Two facts make WebRTC a real standard rather than one vendor's product, and both matter when you are betting a learning platform on it. First, the browser side is a formal web standard: WebRTC 1.0 is a World Wide Web Consortium (W3C) Recommendation, finalized on 26 January 2021, which defines the JavaScript interfaces every browser exposes for real-time media (W3C, "WebRTC 1.0: Real-Time Communication Between Browsers," Recommendation, 2021). Second, the network side is a stack of internet protocols specified by the Internet Engineering Task Force (IETF); the umbrella overview is RFC 8825, "Overview: Real-Time Protocols for Browser-Based Applications" (IETF, 2021). Because both halves are open standards, no single company can take WebRTC away from you, and any compliant browser can join your class.

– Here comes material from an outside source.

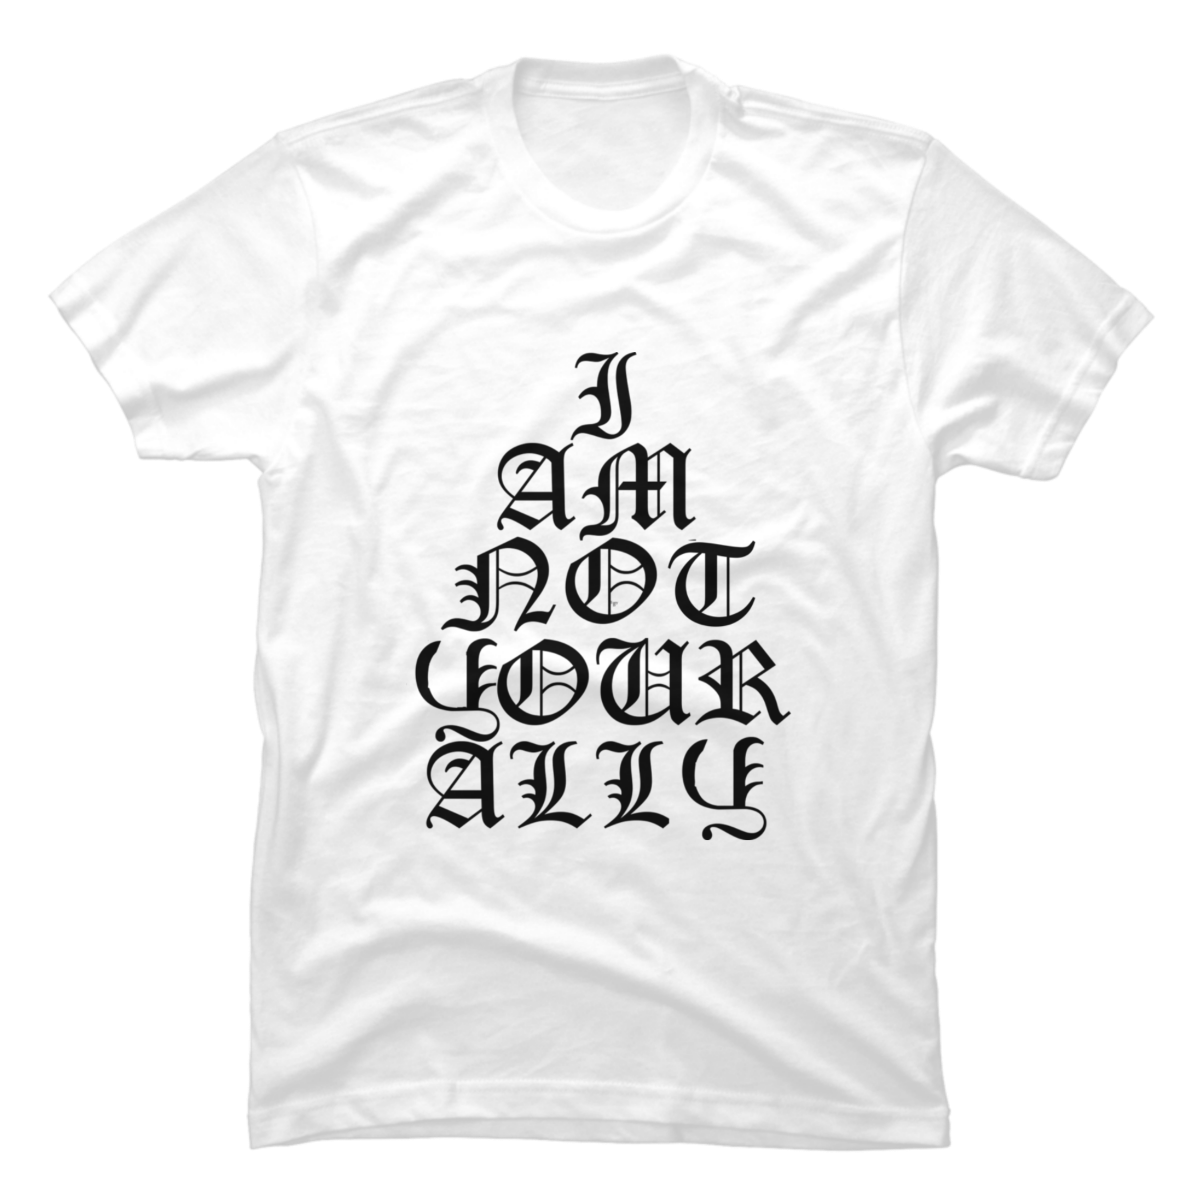 i am an ally shirt

This article does not re-derive how those protocols work — that is the job of the Video Streaming section. When you need the internals — how two browsers find each other, how media is encrypted, how a server fans one video out to many viewers — read WebRTC explained and SFU, MCU, and mesh topologies. Here we stay on one question: why is WebRTC the right engine for a live class, and what are the classroom-specific traps?

Why WebRTC Won Real-Time Learning

Three properties, in order of importance to teaching.

1. Sub-second latency makes a class feel live

The word that matters here is latency — the delay between something happening at one end and being seen at the other. For a broadcast, a few seconds of delay is invisible; you are watching, not talking. For teaching, delay is poison. When an instructor asks "any questions?" and waits, a half-second lag turns into awkward cross-talk and dead air; when a learner answers and the instructor reacts a beat late, the back-and-forth that makes a class feel alive falls apart.

Put the number in human terms. WebRTC targets glass-to-glass delay — camera lens to the other person's screen — of well under a second, typically a few hundred milliseconds on a healthy connection, and production systems regularly report under 150 milliseconds through a media server. A 200-millisecond round trip feels like a normal conversation. A 2-second delay feels like a satellite phone call where everyone keeps interrupting. That gap is exactly the difference between WebRTC and the broadcast-style protocols (such as HLS, the protocol most on-demand video uses) that carry 5 to 30 seconds of delay. For the interactive parts of a class — discussion, hand-raising, cold-calling, live problem-solving — WebRTC's sub-second budget is not a nice-to-have; it is the reason the class works at all.

Latency ladder comparing WebRTC sub-second delay against low-latency HLS and standard HLS broadcast, labeled by how each delay feels to a learner Figure 1. The latency ladder. WebRTC's sub-second, two-way delay is what makes a discussion feel like a conversation; low-latency HLS (2–6 seconds) suits a one-way lecture with a chat-delayed Q&A; standard HLS (10–30 seconds) is broadcast only. The interactive class lives in the green band.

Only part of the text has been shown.